* YOUR ASSIGNMENT *
Without the images, write out the whole listing exactly.

* DATASET CONTENT *
+ + +

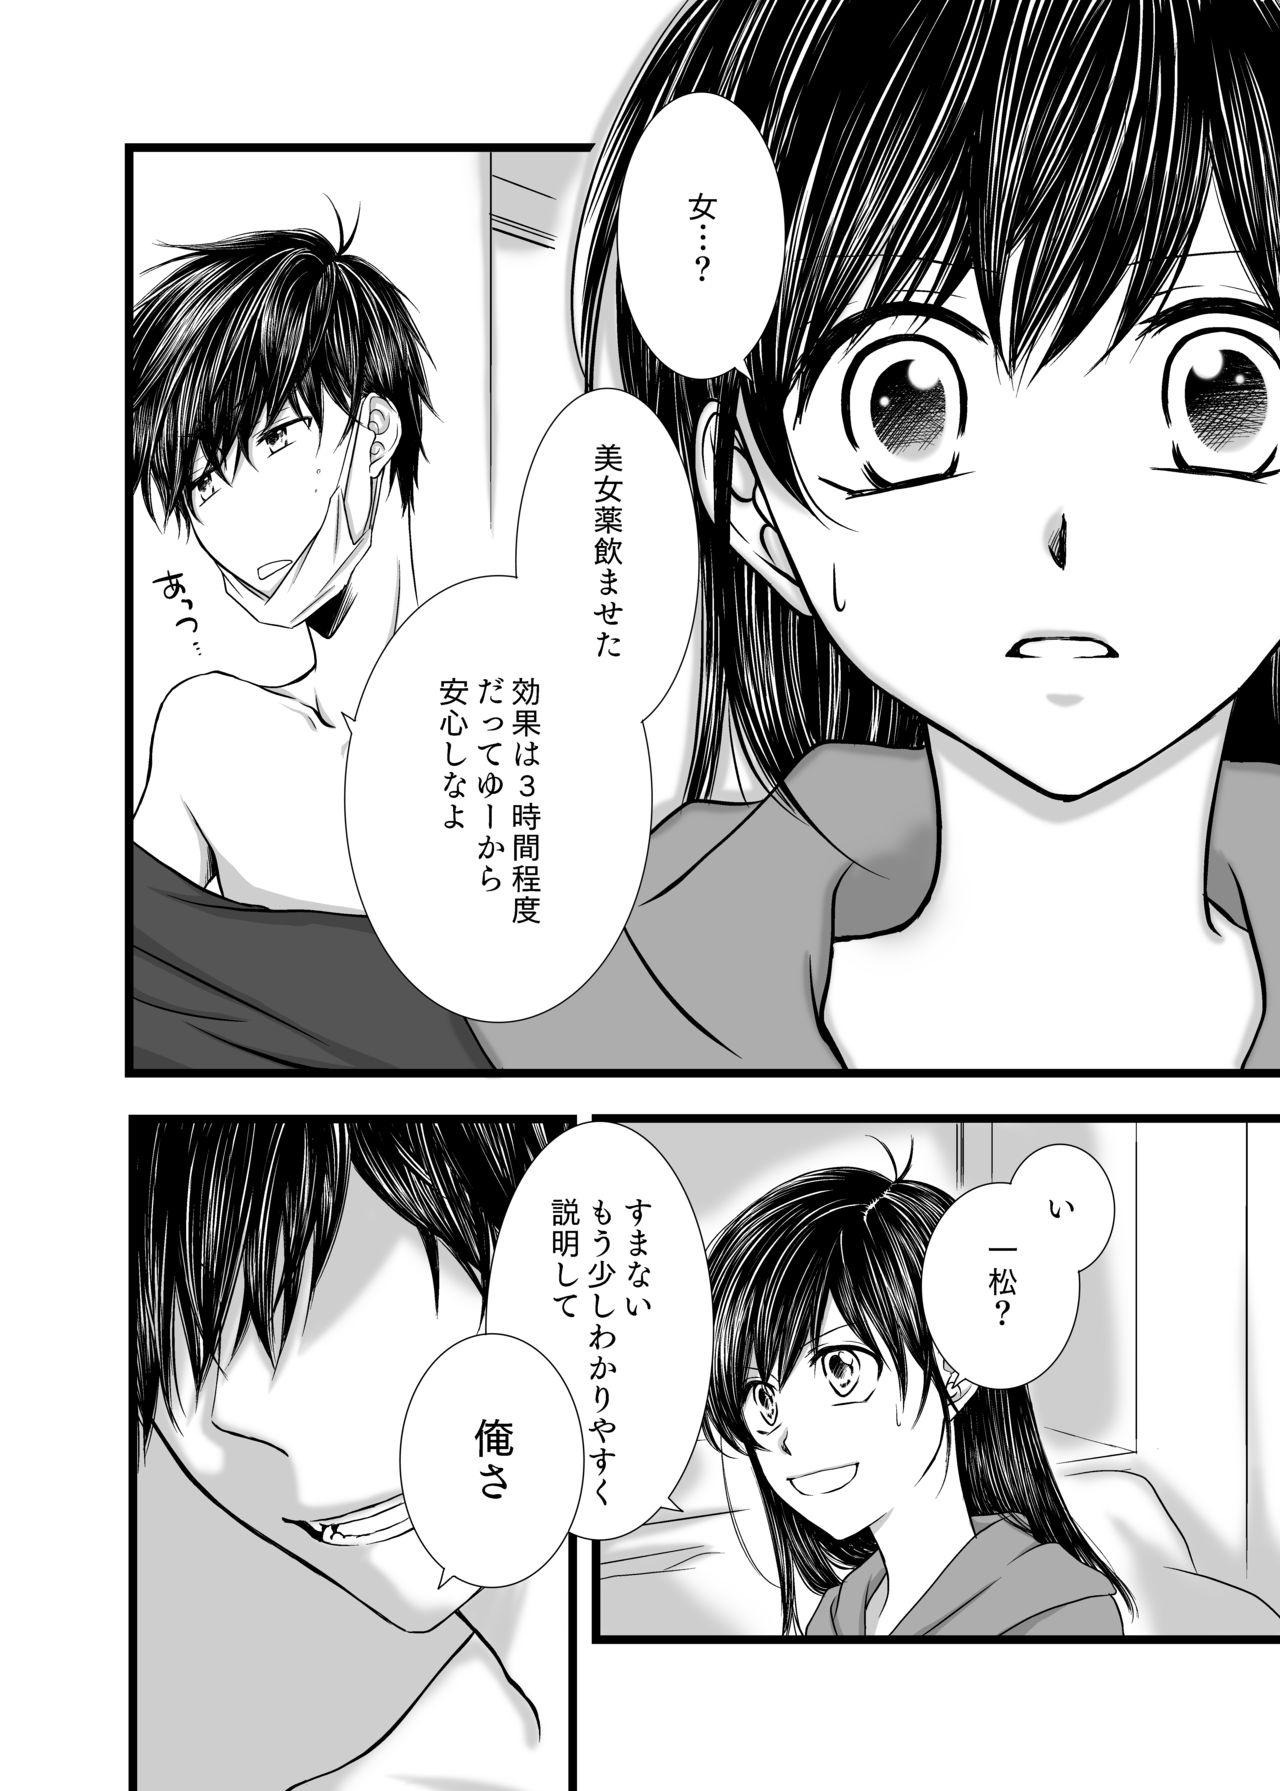 Gay Blowjob 愛のカタチは。 - Osomatsu san Nudes - Page 7
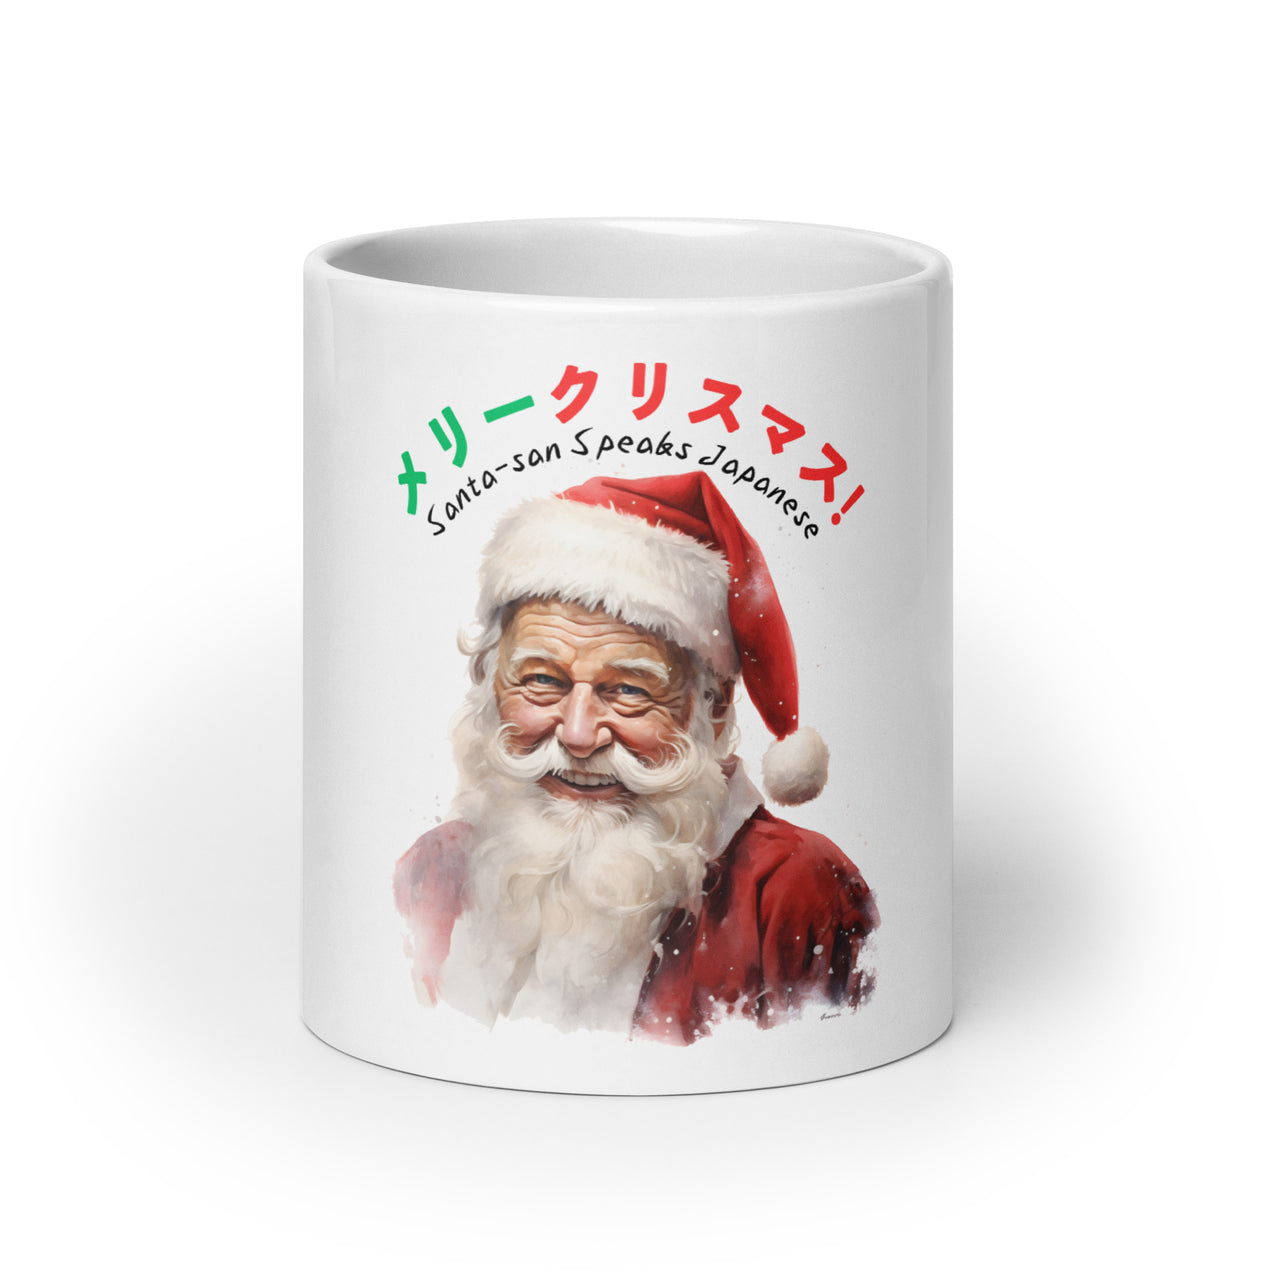 Santa-san Speaks Japanese White Mug
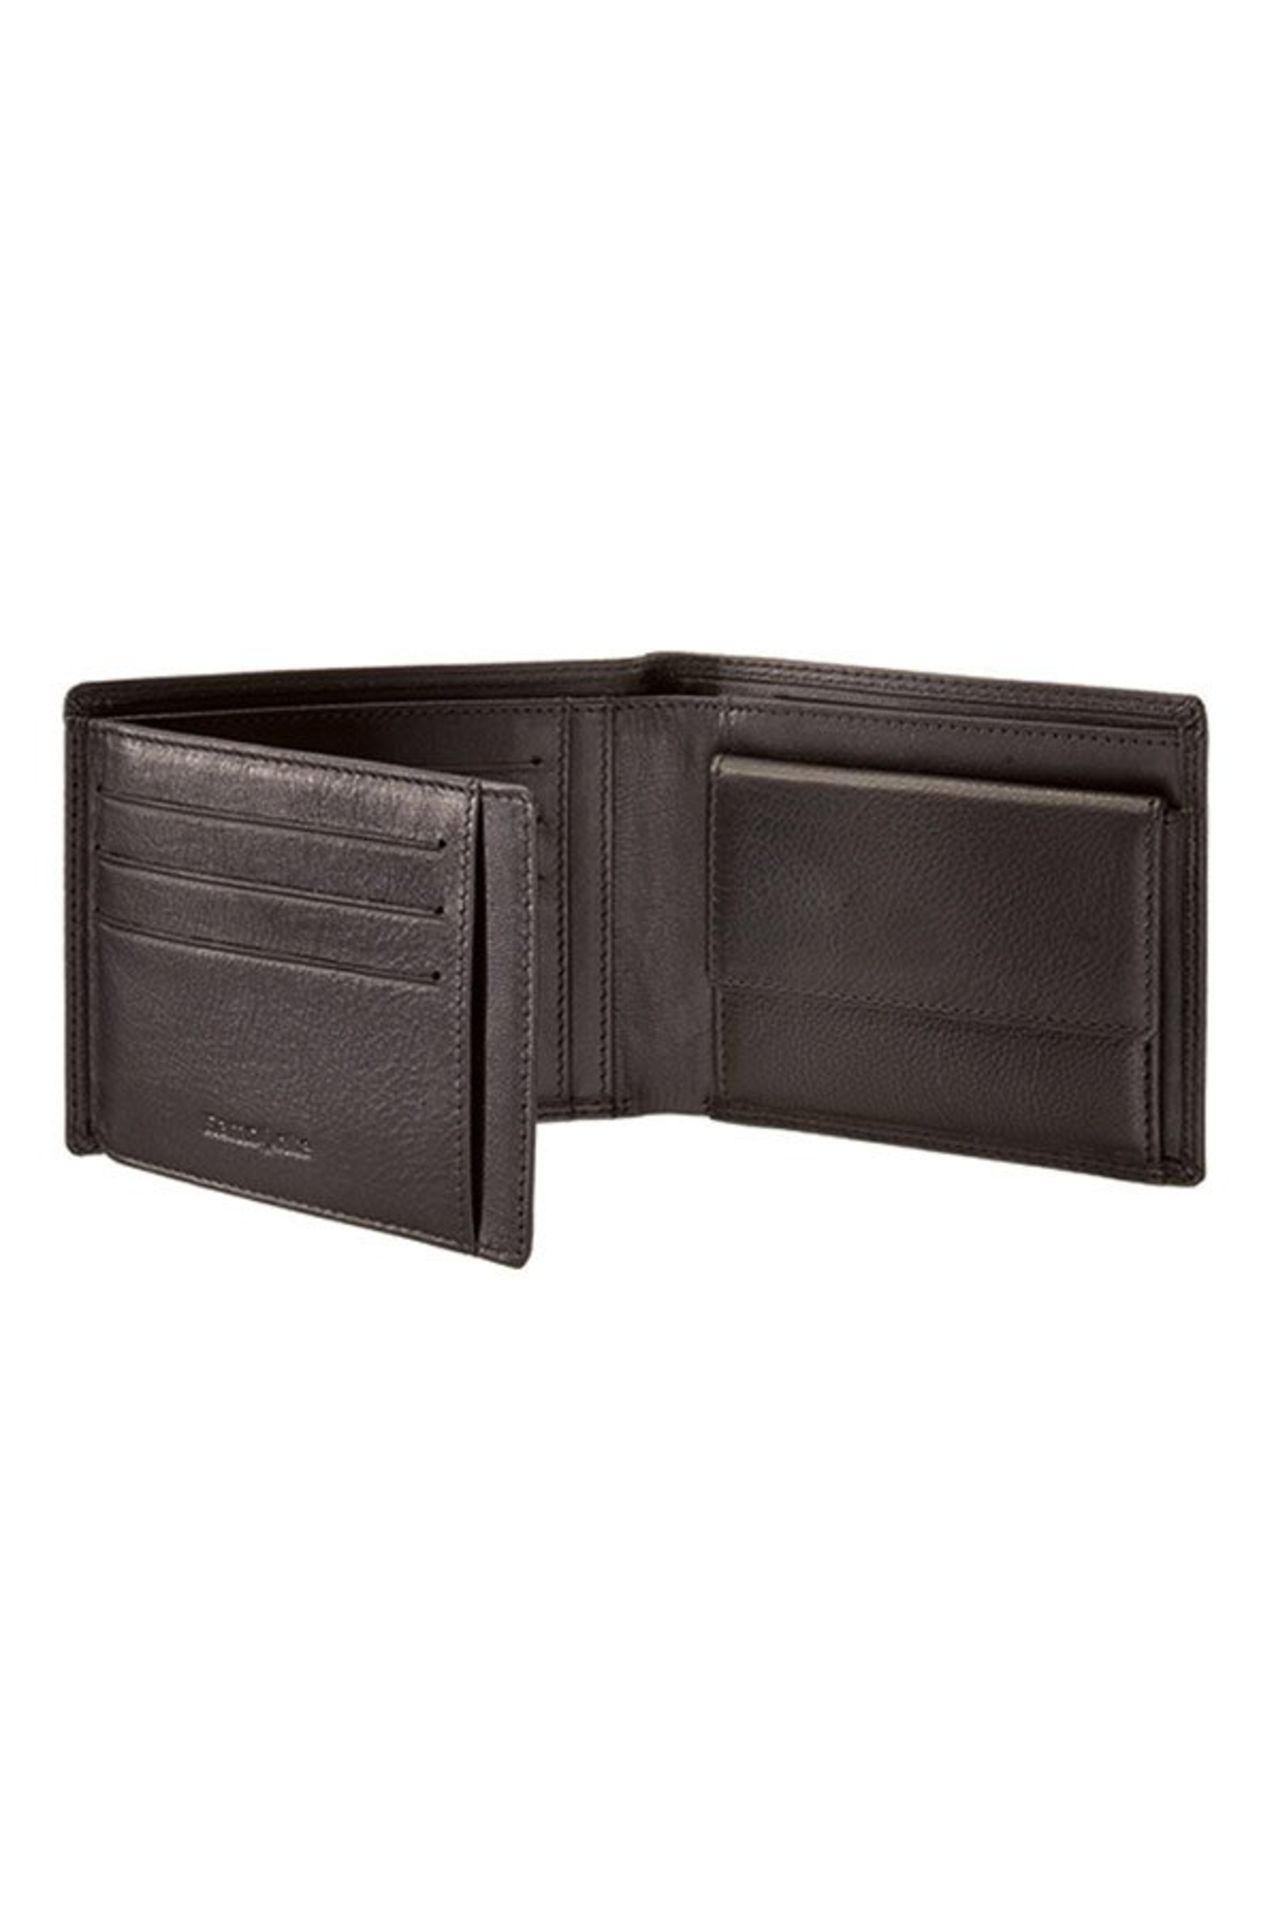 V Brand New Samsonite Gents Black Leather Wallet - 3 Credit Card Slots - Zip Pocket Section - 2 Note

+ + +

* ANSWER *
 Gay Blowjob 愛のカタチは。 - Osomatsu san Nudes - Page 7
 Santa-san Speaks Japanese White Mug
 V Brand New Samsonite Gents Black Leather Wallet - 3 Credit Card Slots - Zip Pocket Section - 2 Note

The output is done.